Return the listing below unchanged, but without pictures.

_PROVIDED MATERIAL_.
=== Section Start ===
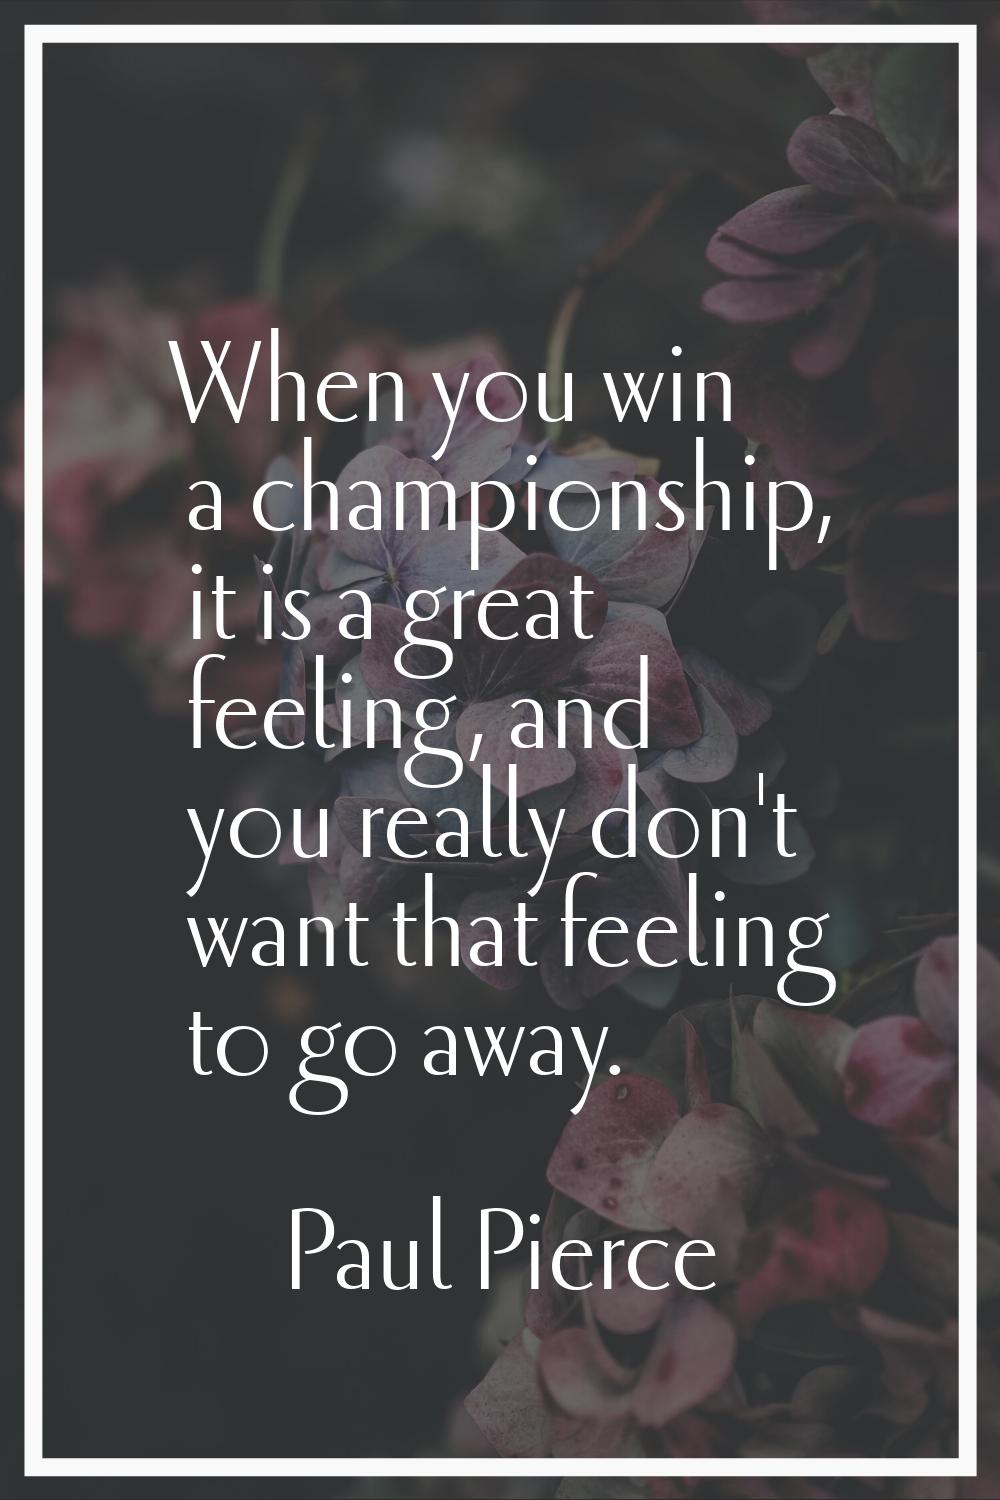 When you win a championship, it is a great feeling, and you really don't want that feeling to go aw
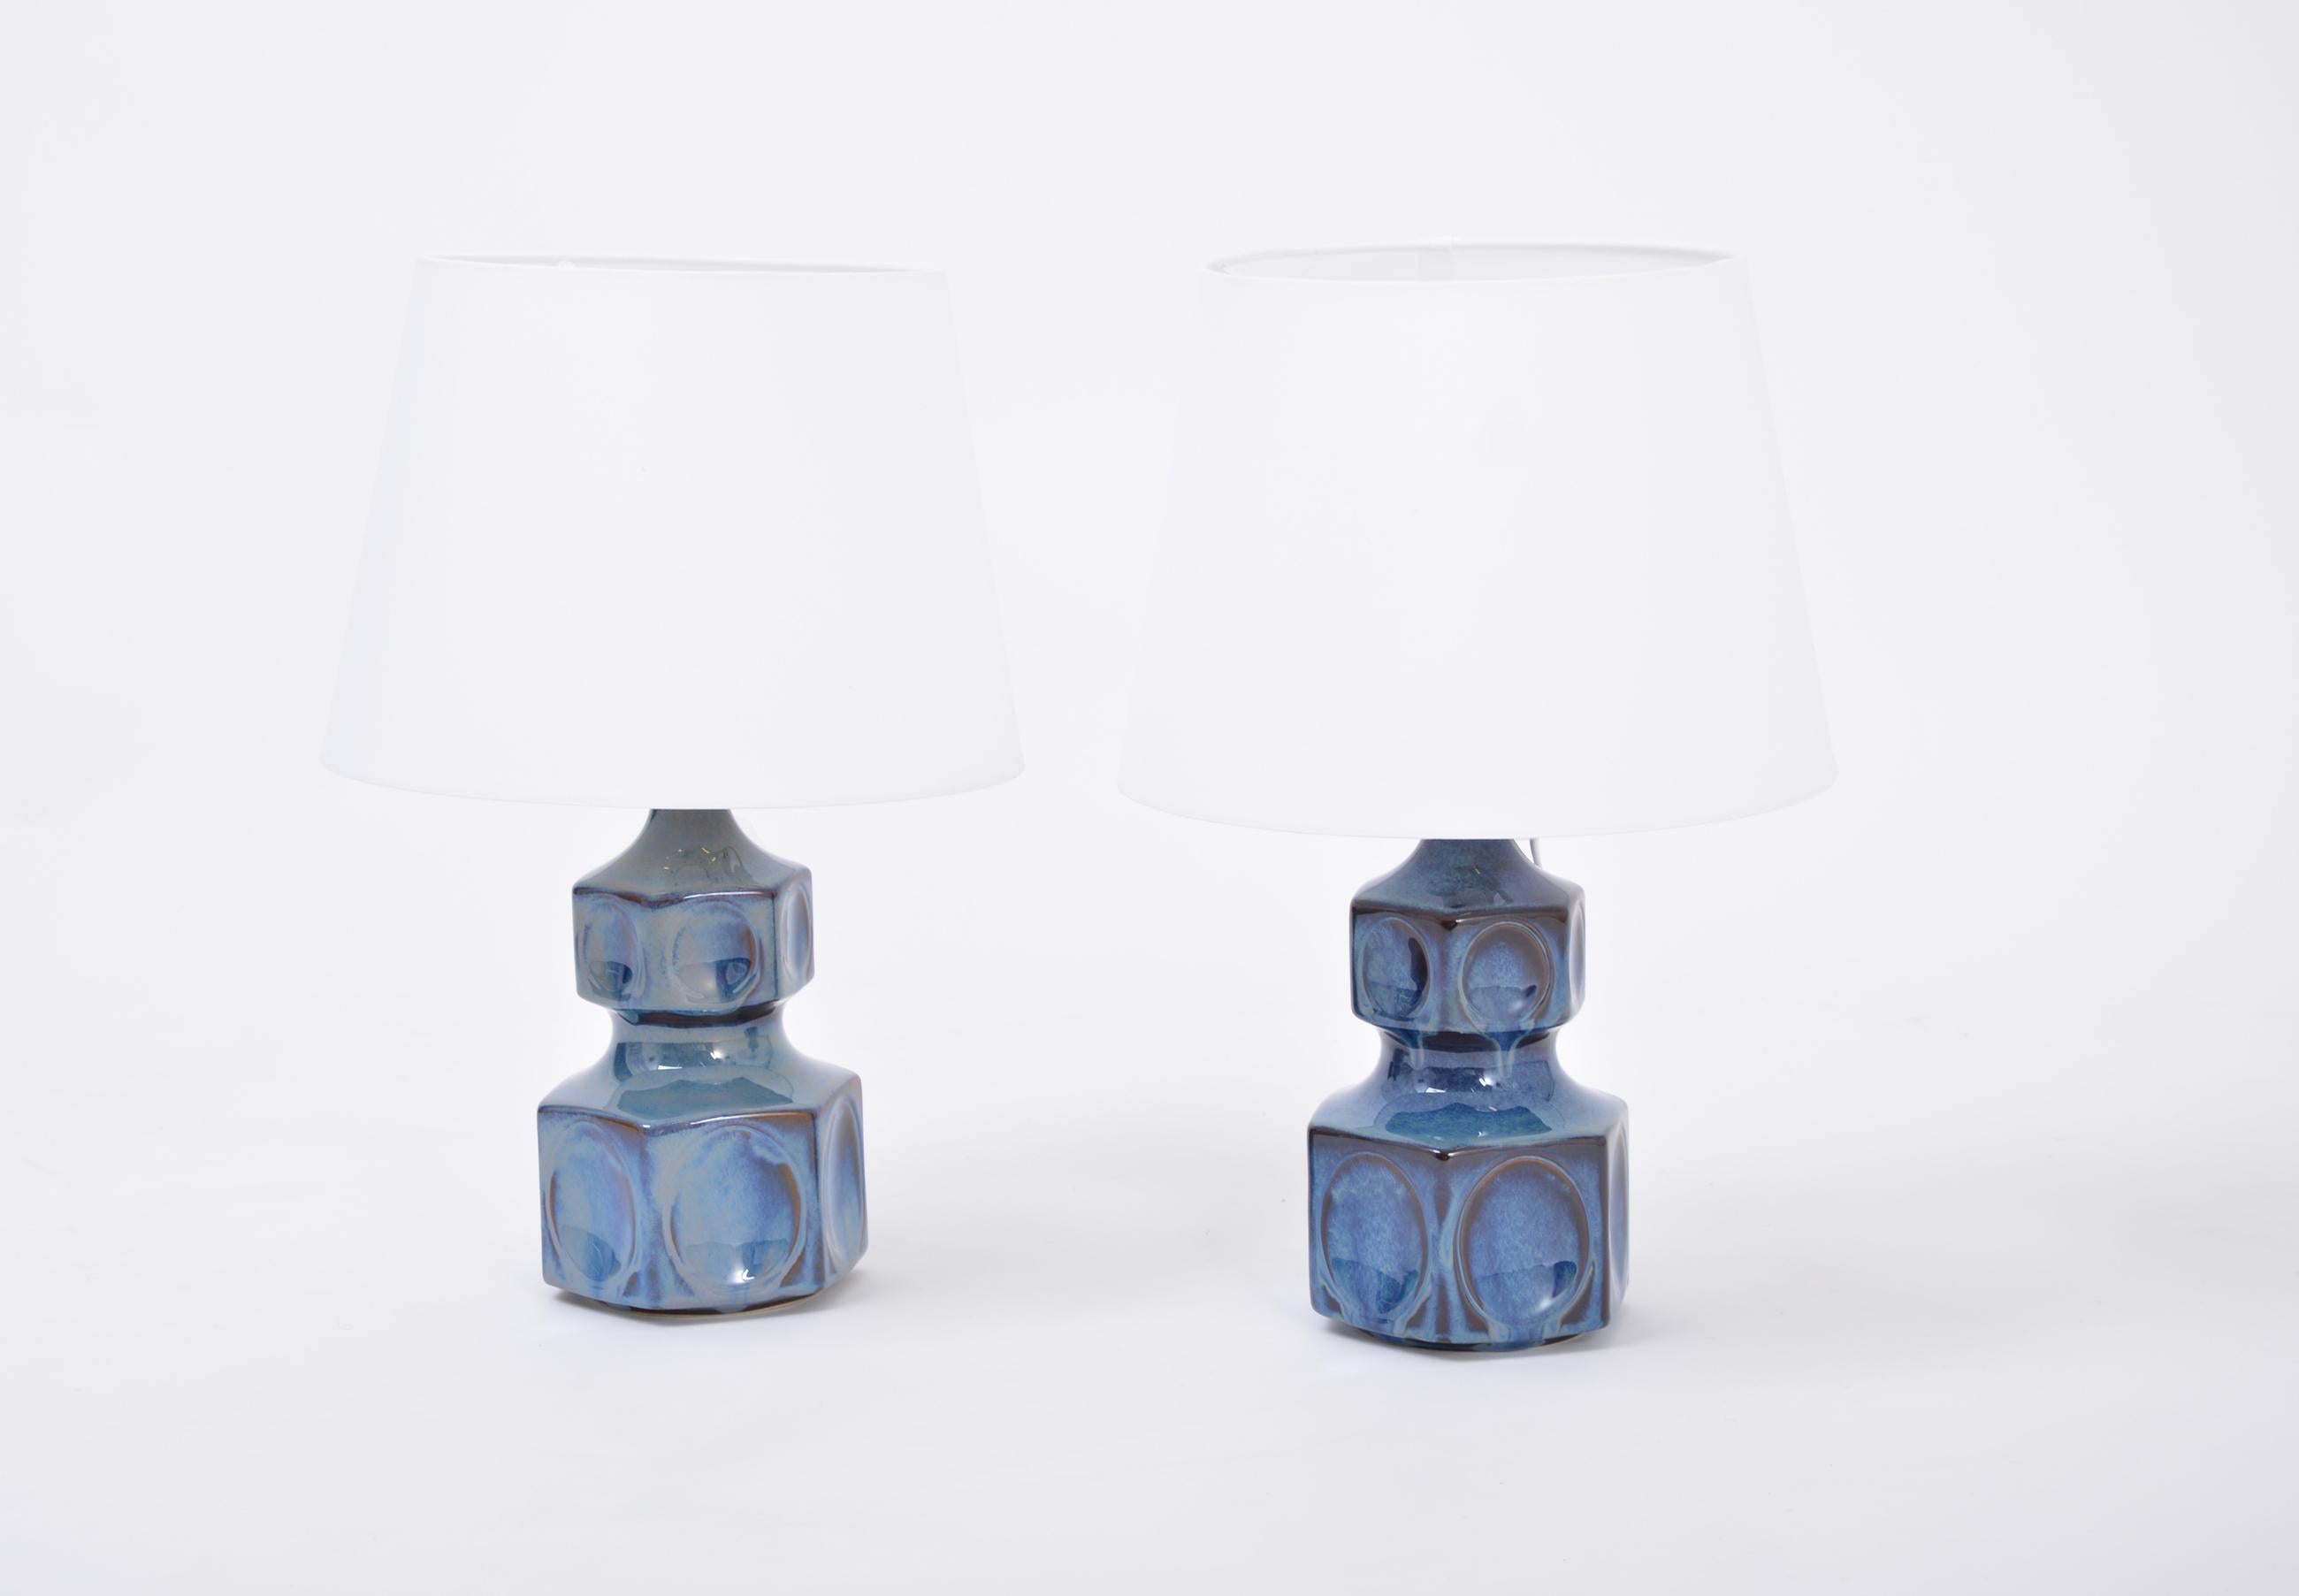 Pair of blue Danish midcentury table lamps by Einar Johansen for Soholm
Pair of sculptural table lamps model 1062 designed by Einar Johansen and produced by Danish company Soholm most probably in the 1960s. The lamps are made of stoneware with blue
=== Section End ===
_RESULT BELOW_.
 When you win a championship, it is a great feeling, and you really don't want that feeling to go aw
 Pair of blue Danish midcentury table lamps by Einar Johansen for Soholm
Pair of sculptural table lamps model 1062 designed by Einar Johansen and produced by Danish company Soholm most probably in the 1960s. The lamps are made of stoneware with blue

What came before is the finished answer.